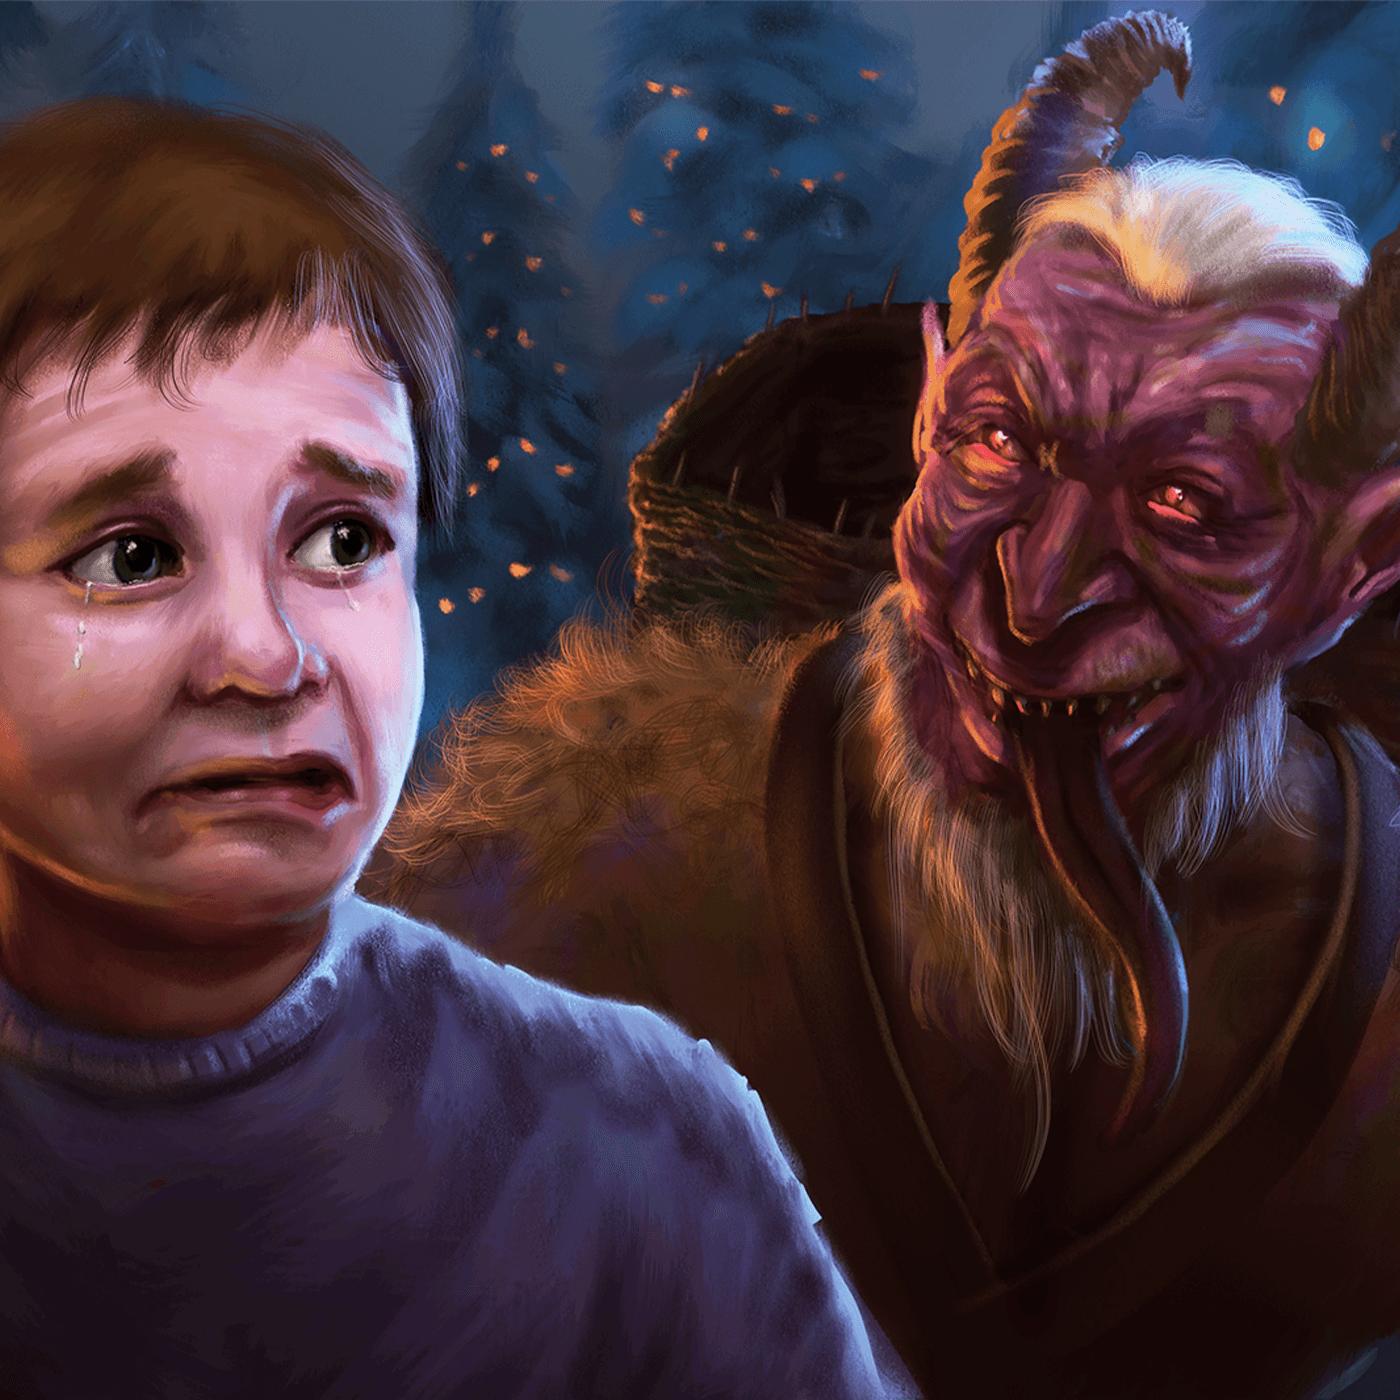 Episode 10: Krampus: Exploring the Legend of the Christmas Demon
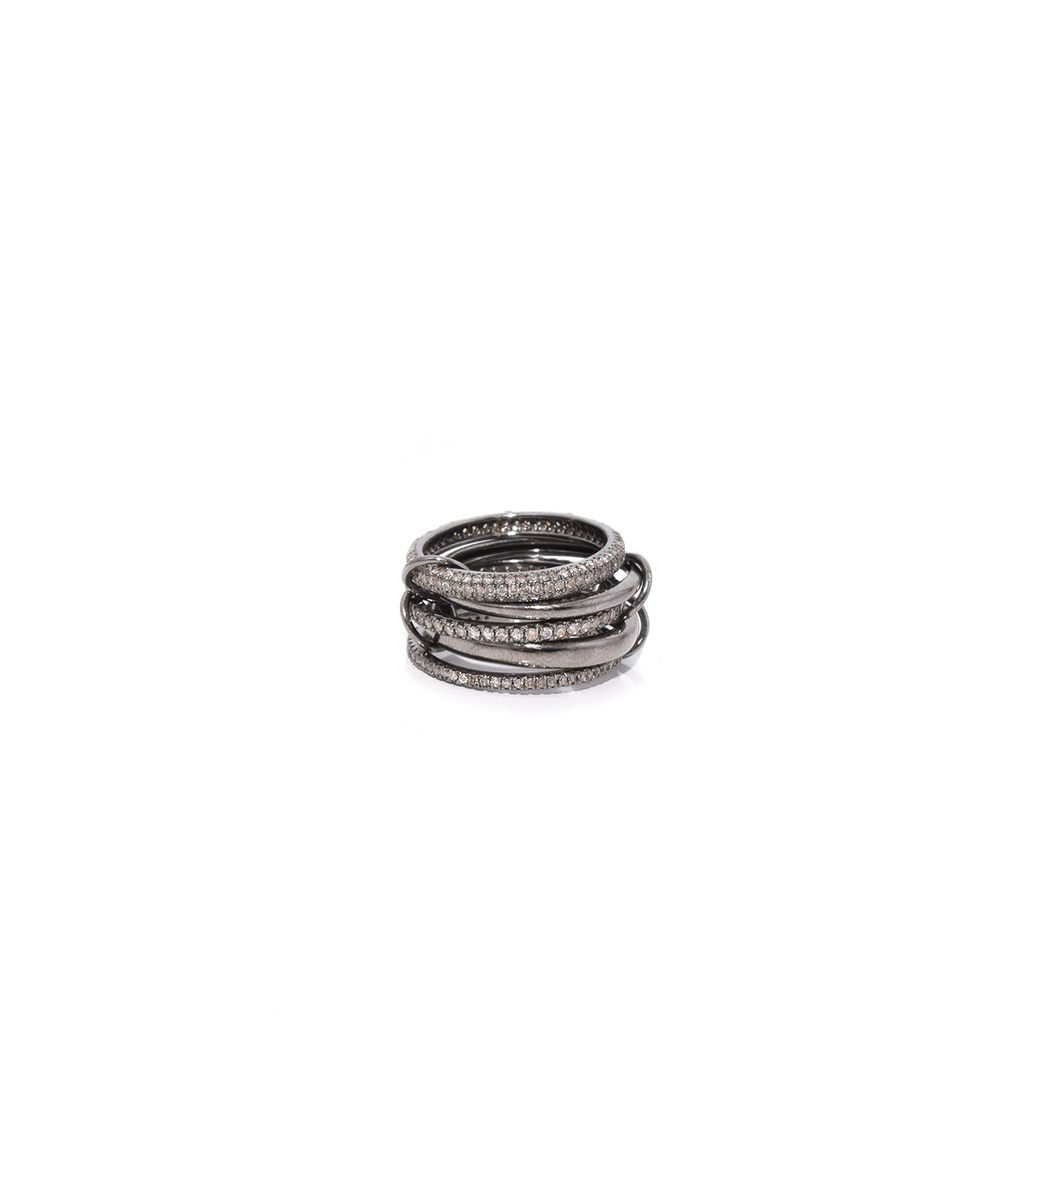 THEODOSIA 5 Part Oxidized Silver Ring
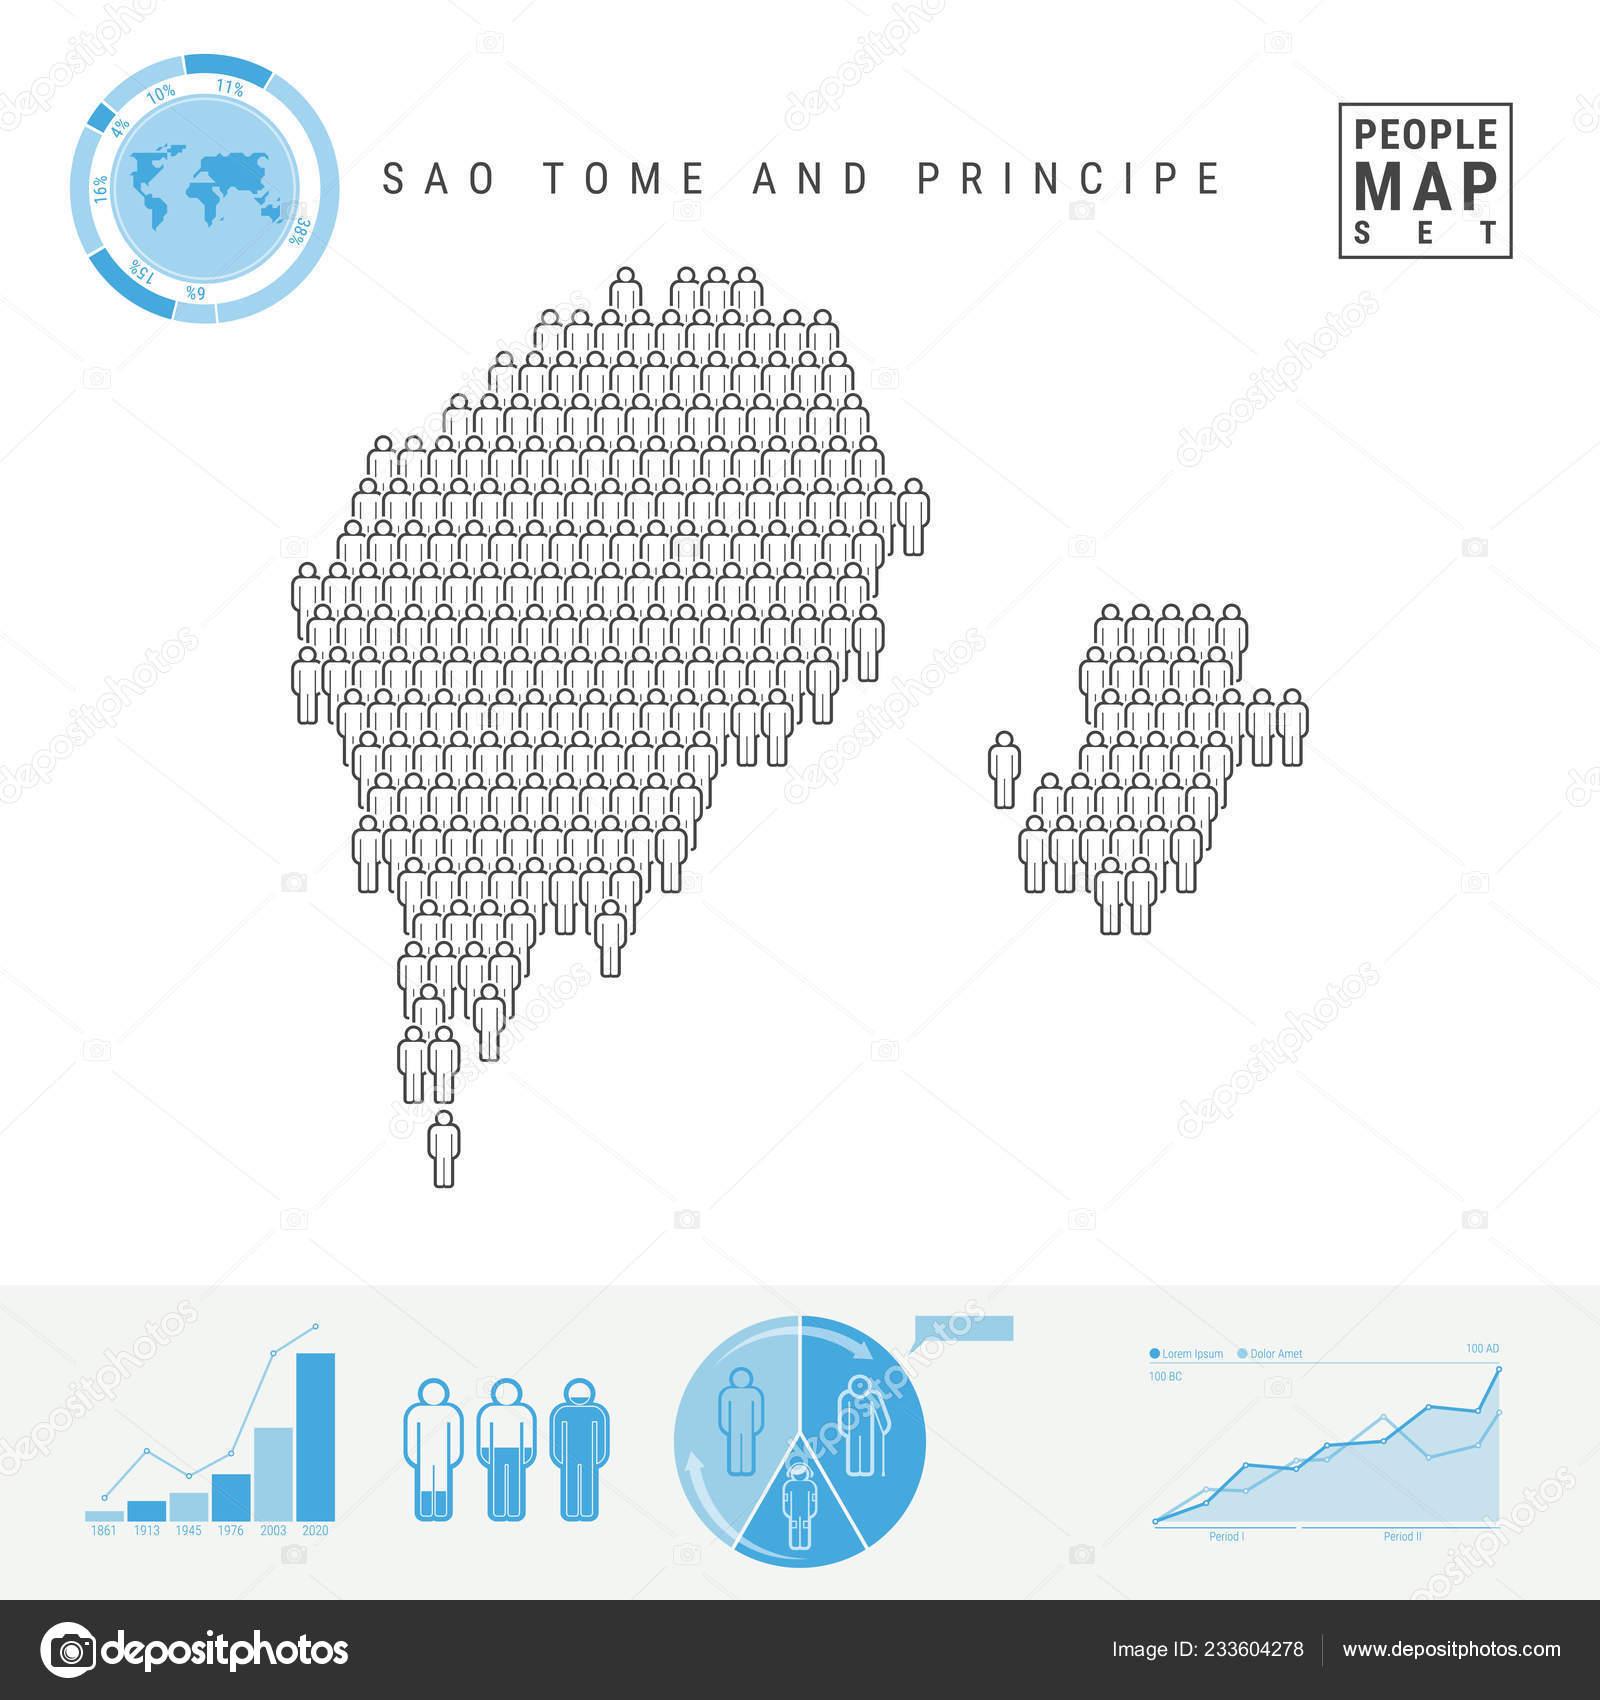 Sao Tome Principe People Icon Map People Crowd Shape Map ... Sao Tome Principe Map on eritrea map, hong kong map, u.a.e. map, saudi arabia map, seychelles map, trinidad & tobago map, united arab emirates map, tanzania map, central african republic map, principe island map, bangladesh map, comoros map, tunisia map, niue map, honshu island map, tokelau map, sri lanka map, lesotho map, new britain island map,

**EXERCISE:**
Pictures excluded, copy the lines exactly from where the material starts to the line with "THEODOSIA 5 Part Oxidized Silver Ring", inclusive.

**WRITTEN REPLY:**
 Episode 10: Krampus: Exploring the Legend of the Christmas Demon
 THEODOSIA 5 Part Oxidized Silver Ring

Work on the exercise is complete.